Steigende Zahlen auch beim Klassenprimus
Noch ist die Situation unter Kontrolle, aber auch in Italiens Problemregionen werden nun neue Restriktionen eingeführt
Vor weniger als zwei Wochen hatte Angela Merkel noch erklärt, dass sie sich „wohler fühlen würde“, wenn Deutschland eine ähnlich tiefe Sieben-Tages-Inzidenz wie Italien hätte. Diese lag an jenem Tag, am 3. Dezember, bei 130 Neuinfektionen pro 100 000 Einwohner, jene von Deutschland bei knapp 500. Und weil Lob aus Berlin Seltenheitswert hat, wurde das Zitat der damals noch geschäftsführenden deutsche Bundeskanzlerin von allen italienischen Medien gerne aufgegriffen und vielfach weiterverbreitet.
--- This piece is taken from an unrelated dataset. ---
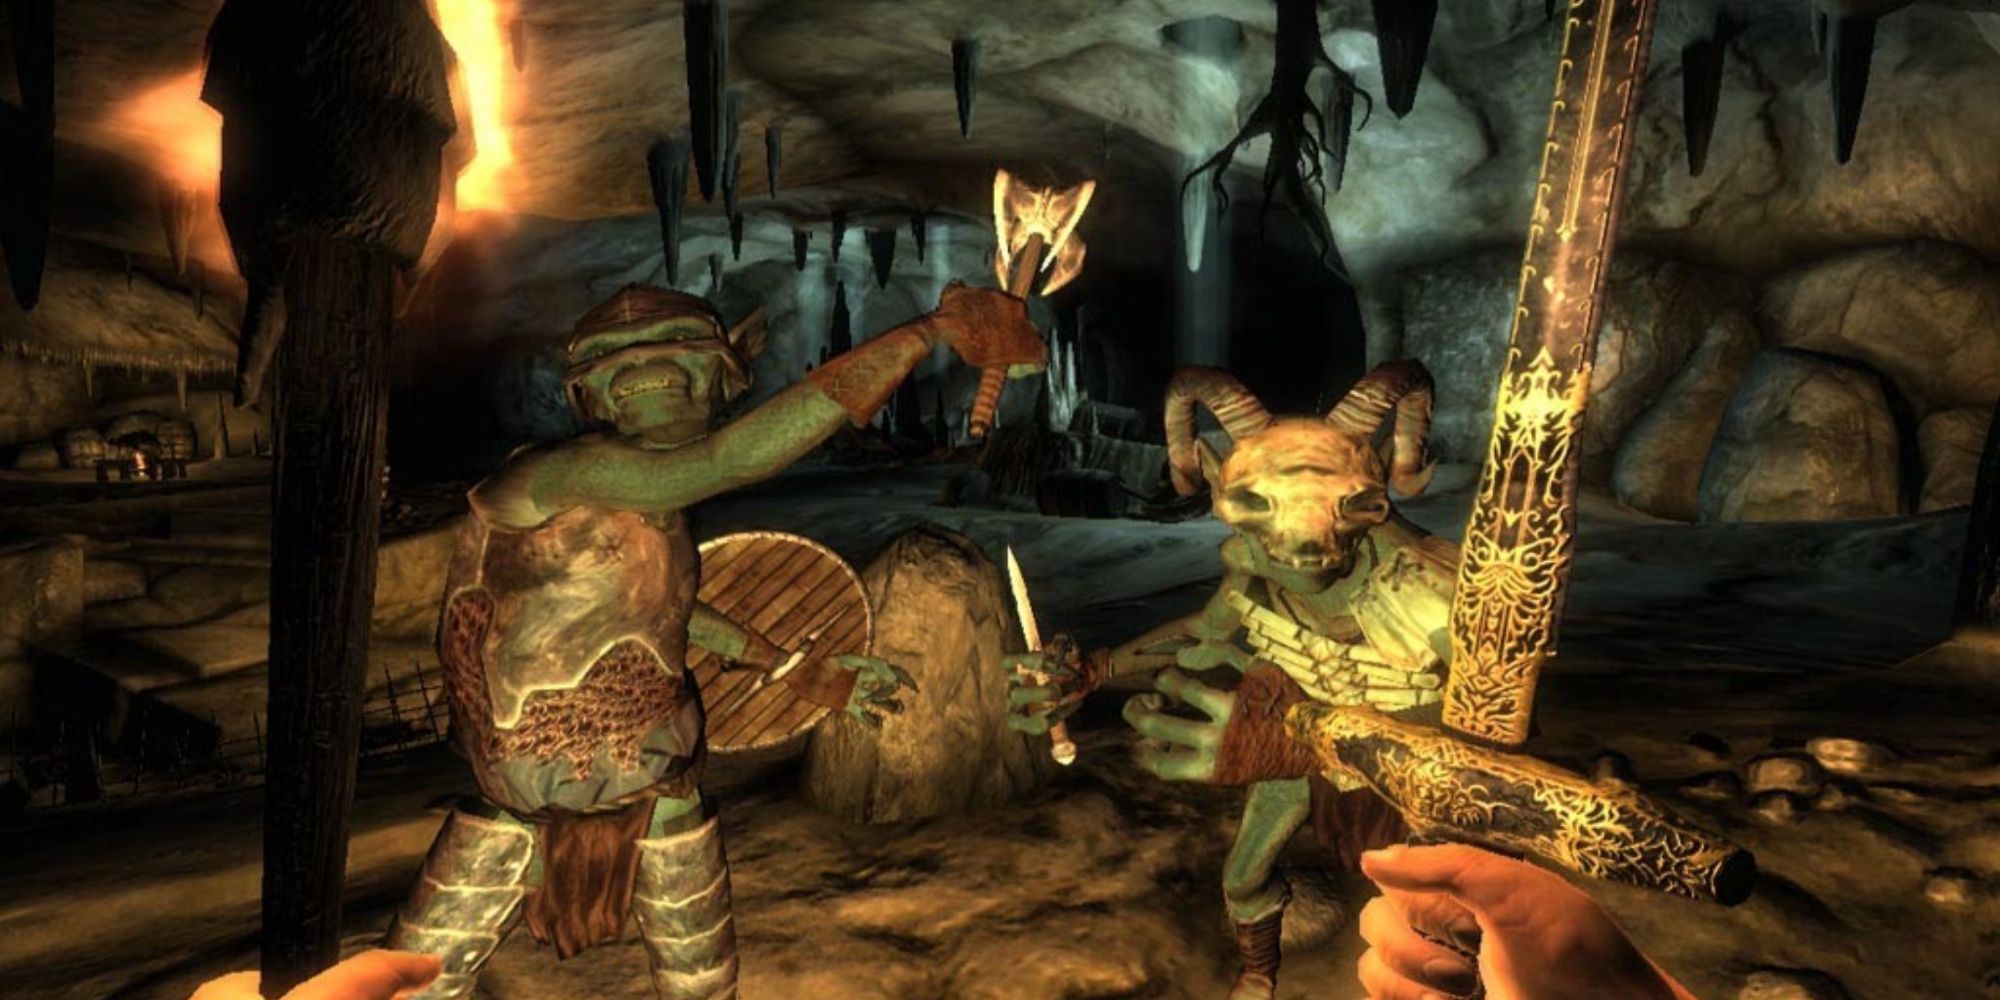 Fighting goblins in The Elder Scrolls 4 Oblivion using sword and torch

Der Tenor: Normalerweise sind wir in den meisten Statistiken Europas ja das Schlusslicht – aber jetzt sind wir einmal Klassenprimus.
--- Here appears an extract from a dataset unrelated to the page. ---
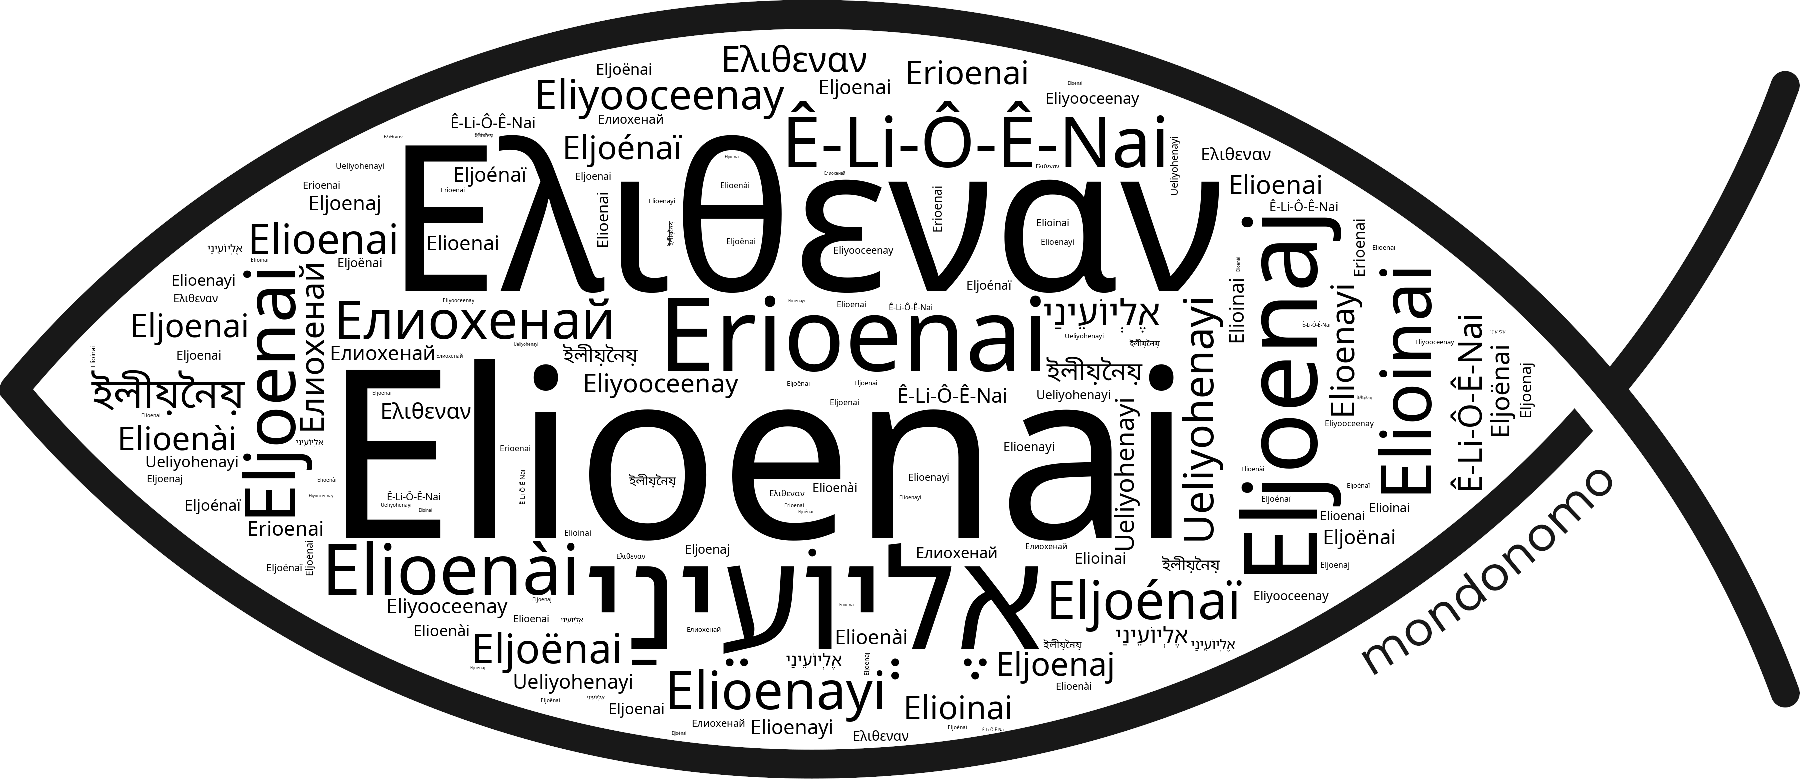 Name Elioenai in the world's Bibles

Insgesamt steht Italien nach wie vor vergleichsweise gut da – aber die vierte Welle hat nun definitiv auch das bisherige Covid-Musterland erfasst. Am Wochenende sind gleich zwei psychologische Schallmauern durchbrochen worden: Am Freitag und Samstag wurden erstmals seit über einem halben Jahr wieder mehr als 20 000 Neuinfektionen registriert, und am Freitag überstieg die Zahl der täglichen Toten die Grenze von 100. Die 7-Tage-Inzidenz, die Anfang Oktober noch bei 20 neuen Fällen lag, ist am Freitag auf 176 gestiegen. In Deutschland lag sie bei 442, in der Schweiz bei 790 und in Österreich, wo der Lockdown zu einem starken Rückgang der Fallzahlen geführt hat, bei 397.
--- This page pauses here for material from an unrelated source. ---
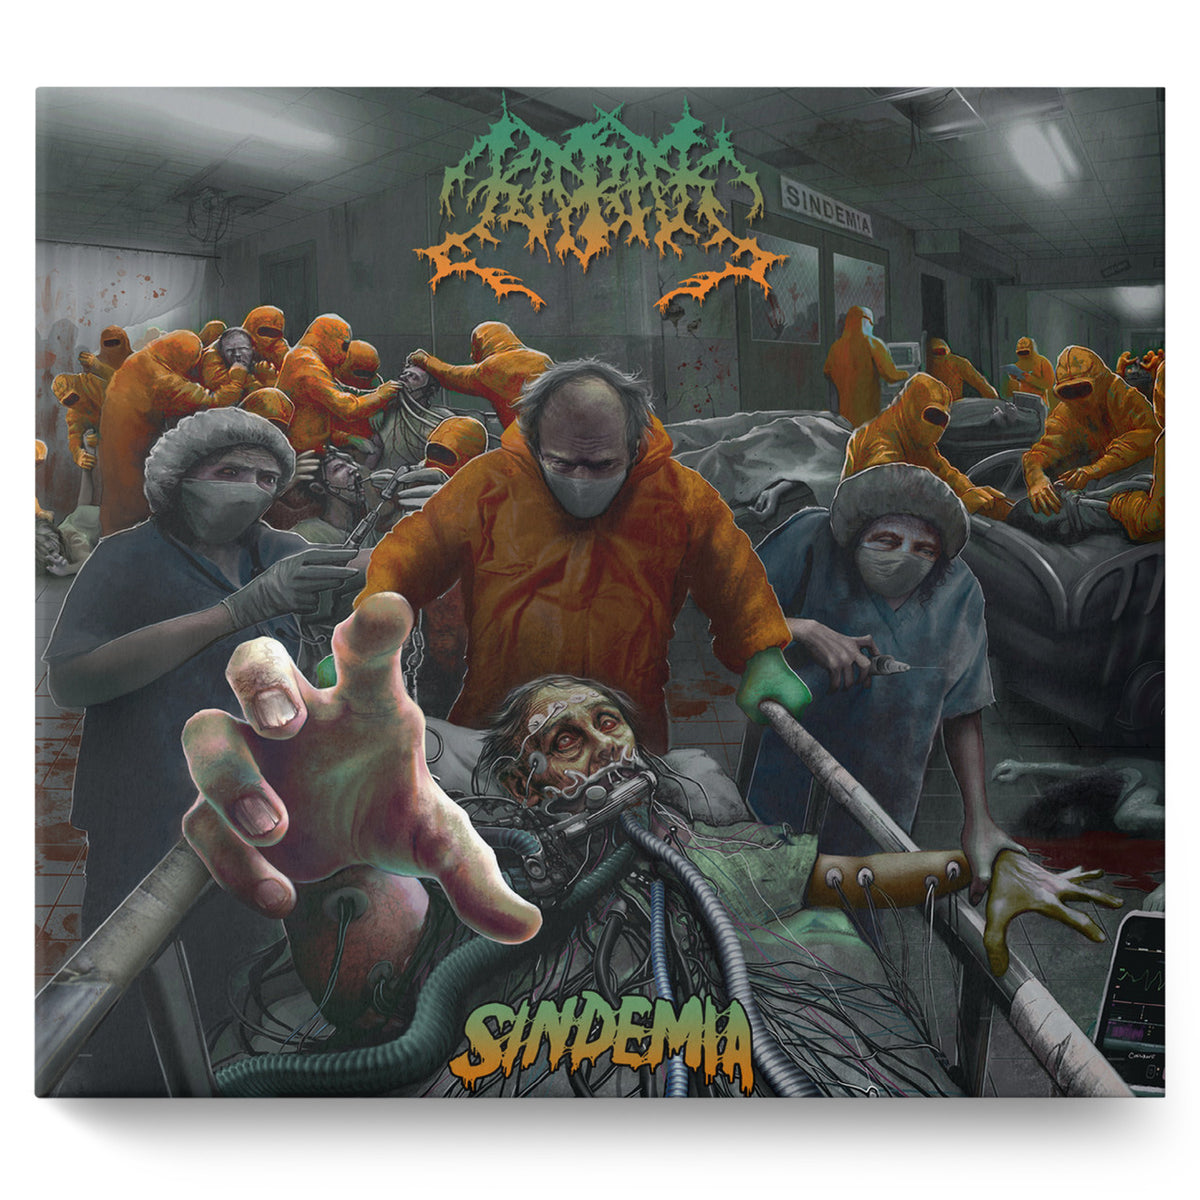 Kabak "Sindemia" Digipak CD - Miasma Records

Hohe Impfquote bewährt sich
Dank einer hohen Impfquote – mehr als 85 Prozent der über 12jährigen Italiener sind immunisiert – ist die Lage in den Krankenhäusern in den meisten Regionen noch undramatisch: Landesweit sind nur 8,5 Prozent der Intensivbetten und nur 10 Prozent der regulären Betten von Covid-19Patienten belegt.
Dennoch hat die Regierung von Mario Draghi bereits wieder das „Ampel-System“reaktiviert: Seit einer Woche sind Südtirol und die Region Friaul/Julisch-Venetien gelbe Zonen (mit Inzidenzen von über 500), und ab diesem Montag gesellt sich auch wieder Kalabrien, das ewige Sorgenkind Italiens, dazu.
Trotz vergleichsweise sehr tiefen Fallzahlen ist in der armen und von Rom vernachlässigten Region die Lage in den wenigen Krankenhäusern bereits wieder angespannt. Bis Weihnachten könnten noch weitere Regionen zu gelben Zonen werden, insbesondere die Hauptstadtregion Latium, Ligurien und Venetien. In Italien, wo schon in den weißen Zonen – also dem allergrößten Teil des Landes – relativ strenge Anti-Covid-Regeln herrschen und wo seit Mitte Oktober 3G am Arbeitsplatz gilt, ist der Wechsel in die gelbe Zone mit relativ geringfügigen zusätzlichen Restriktionen verbunden.
Wohl keine Impfpflicht
Der wesentlichste Unterschied besteht darin, dass in gelben Zonen nicht nur in Innenräumen, sondern auch im Freien wieder Maskenpflicht gilt. Davon abgesehen ändert sich auch für die Skigebiete wie das Südtirol wenig: Für die
Skifreunde bedeutet dies: Die Anlagen bleiben in Betrieb, den Skipass gab es schon zuvor nur mit dem Green-Pass, also einem 3-GZertifikat. Für das Restaurant oder die Bar benötigt man nun aber den am 6. Dezember eingeführten Super-Green-Pass, ein 2-G-Zertifikat.
Gesundheitsminister Roberto Speranza sprach am Wochenende zwar von einer „nicht einfachen Situation“, in welcher sich das Land befinde – doch insgesamt verbreiten die Behörden vorsichtigen Optimismus. Experten rechnen derzeit nicht damit, dass wieder ganze Regionen zu orangen oder roten Zonen erklärt werden müssten; Ministerpräsident Mario Draghi hat unlängst durchblicken lassen, dass er nicht mehr mit der Notwendigkeit einer generellen Impfpflicht rechne, wie er das früher getan hatte.
Vielmehr setzt die Regierung weiterhin auf die Impfkampagne, die ab dem kommenden Donnerstag auch auf Kinder im Alter von fünf bis elf Jahren ausgeweitet wird. Das betrifft 3,6 Millionen „bambini“. Das Ziel der Regierung ist es, mindestens die Hälfte von ihnen zu impfen.